Release Candidate 2 (RC2) will be closed as "code complete" Wednesday, a tight timetable possible only because most of the issues uncovered by testers in the first release candidate have already been patched, reviewed and approved. "Because of the early start we got last week identifying the bugs that would be part of an RC2, which, at that time, was speculative, we're in really good shape," added Beltzner.

Only three of approximately 40 identified bugs have not yet "landed," or completed Mozilla's review and approval process.

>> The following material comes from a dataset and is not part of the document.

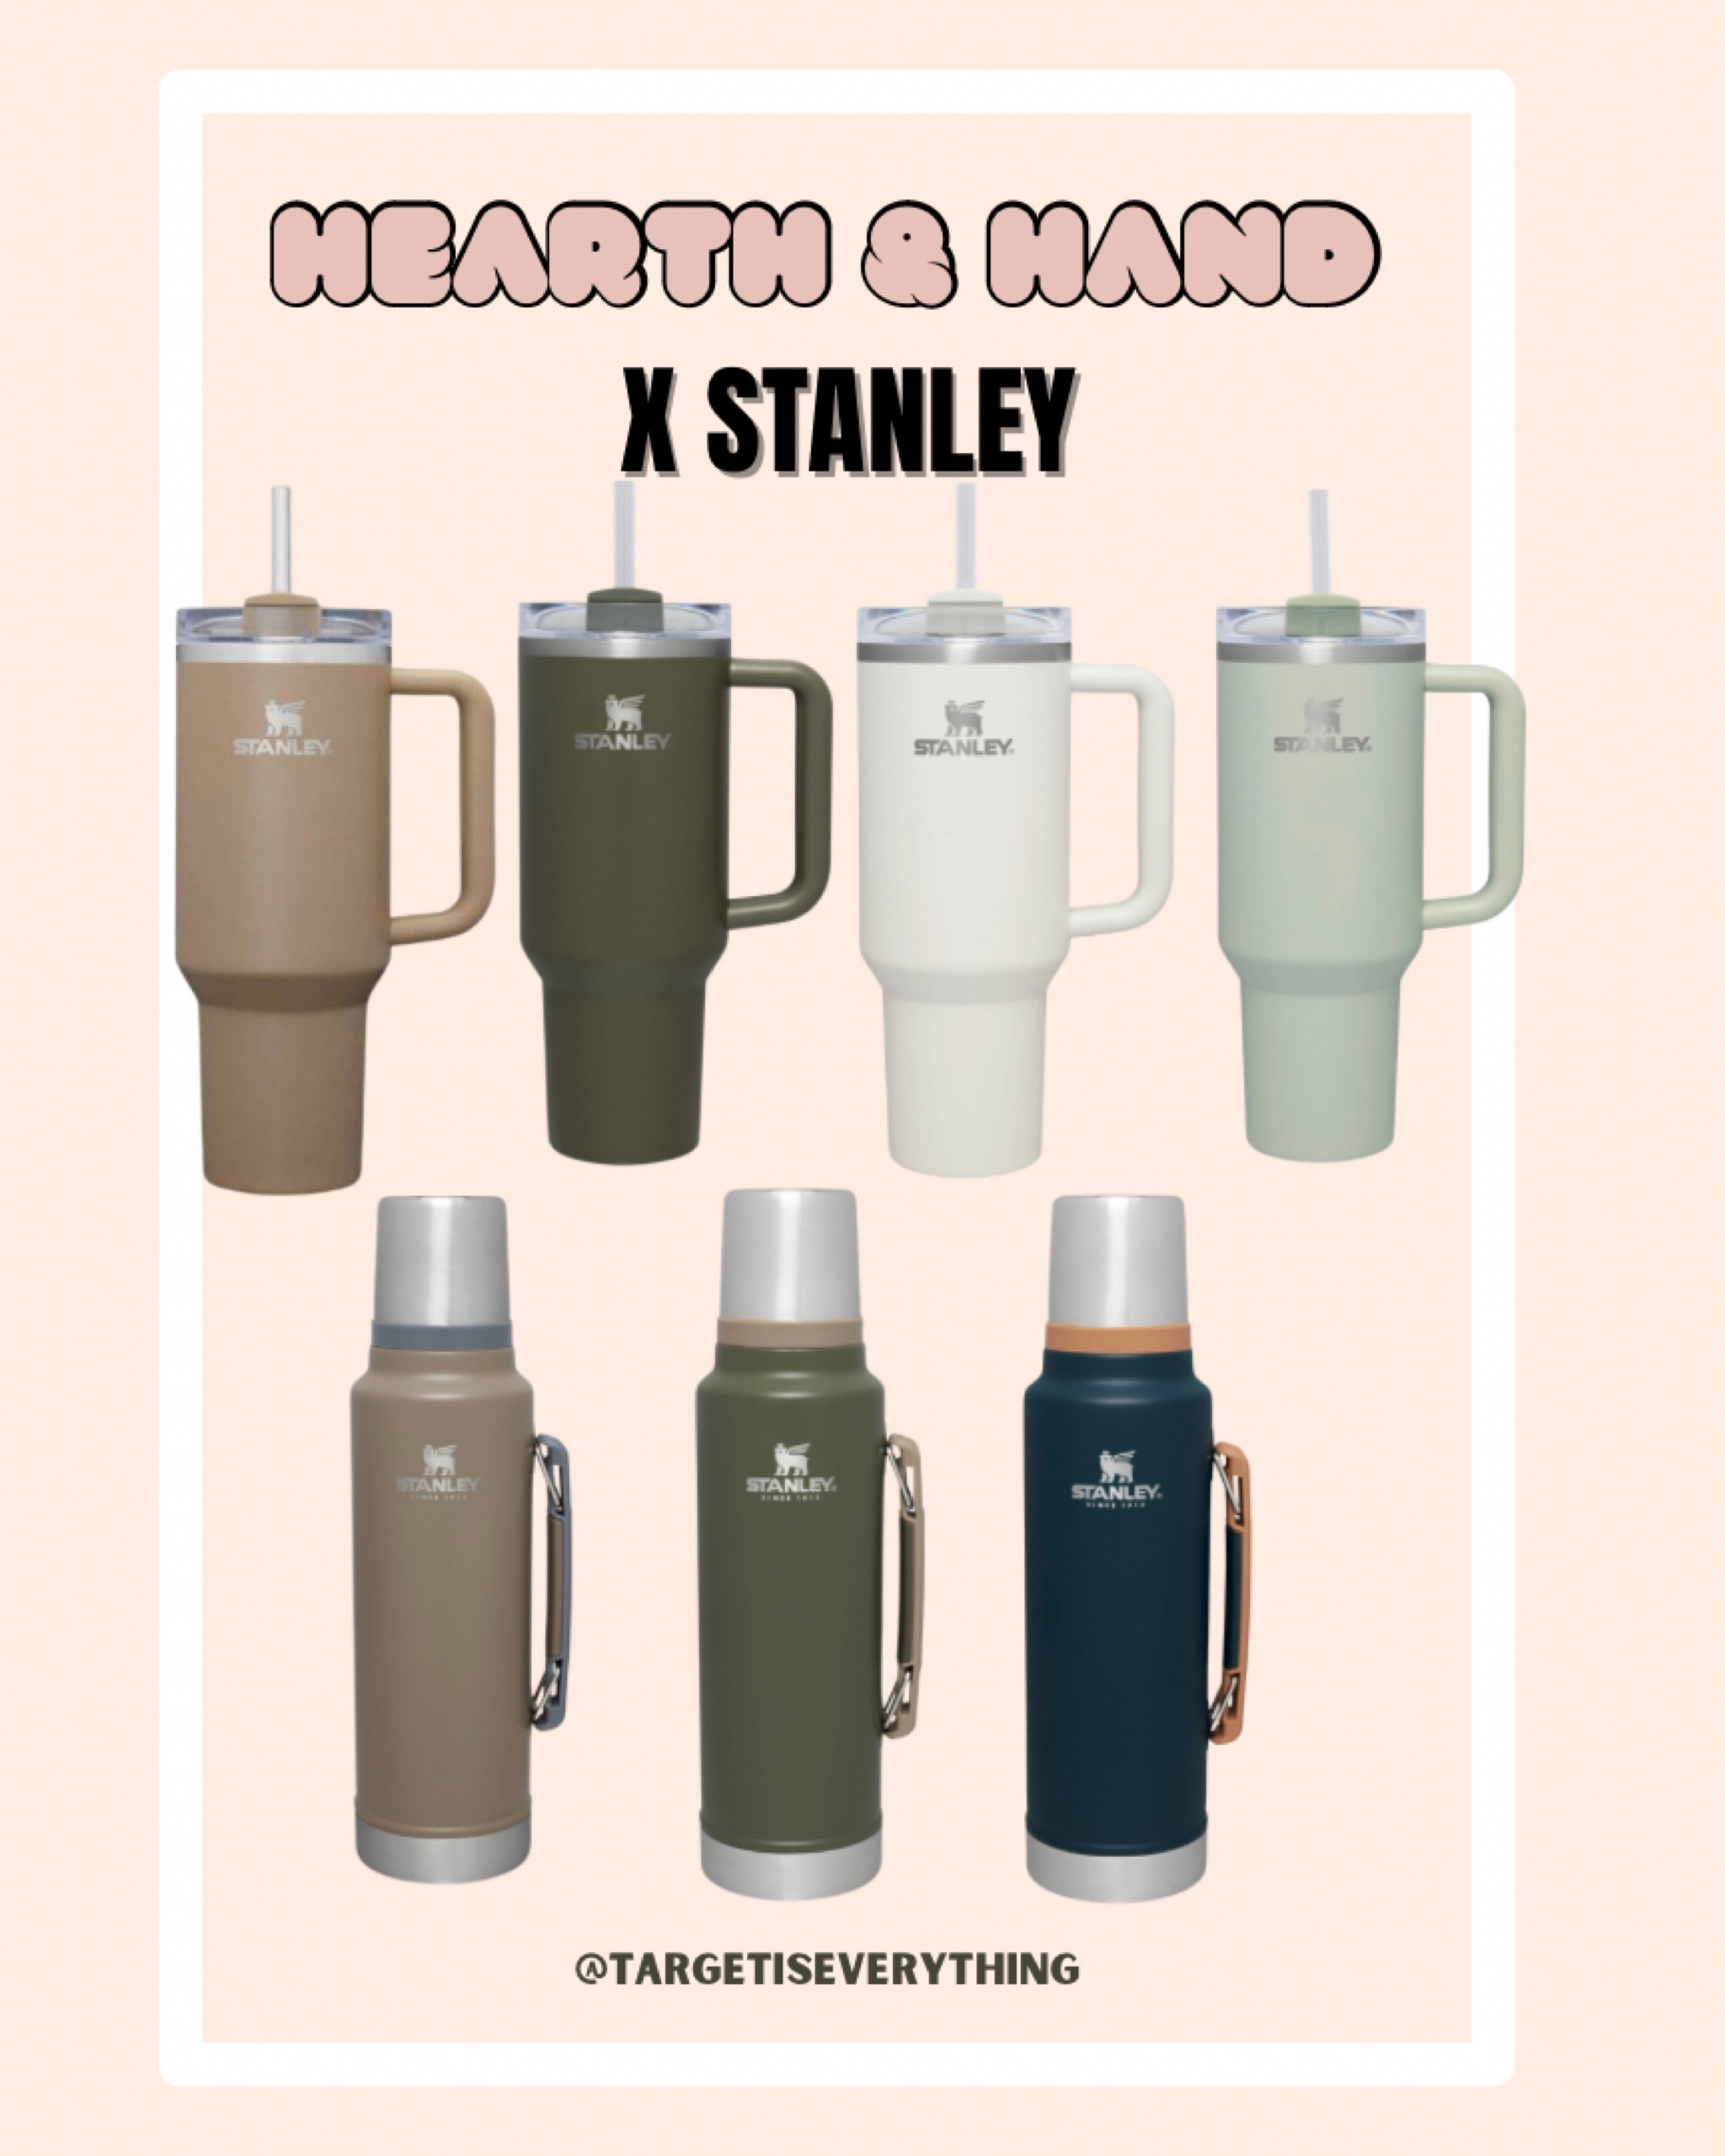 Stanley Quencher H2.0 40oz – everything kitchen

About a fourth of the bugs Mozilla's planning to patch in RC2 are changes in localized versions of the browser.

Last week, Mozilla highlighted 10 notable bugs that it said it would consider as it made a choice between RC2 and a later update, dubbed "3.0.1", that would be released several weeks after Firefox 3.0 shipped.

One of those bugs, a performance issue limited to Linux, got attention this morning before the RC2 go/no go meeting. "This was discussed at the [last] Tuesday meeting and is a decent perf[ormance] win if we can get this in," read the early notes. "It tends to make the UI unusable when the user hits this state, so it should be considered for an RC2."

The Linux bug got attention in part because of a blog post by Jason Clinton, who works for Advanced Clustering Technologies Inc., a Kansas City, Kan., company that specializes in cluster-based systems and Linux servers. A week ago, Clinton took Mozilla to task over its then-reaction to the bug, which he said showed the company's "second-class" support for the open-source operating system.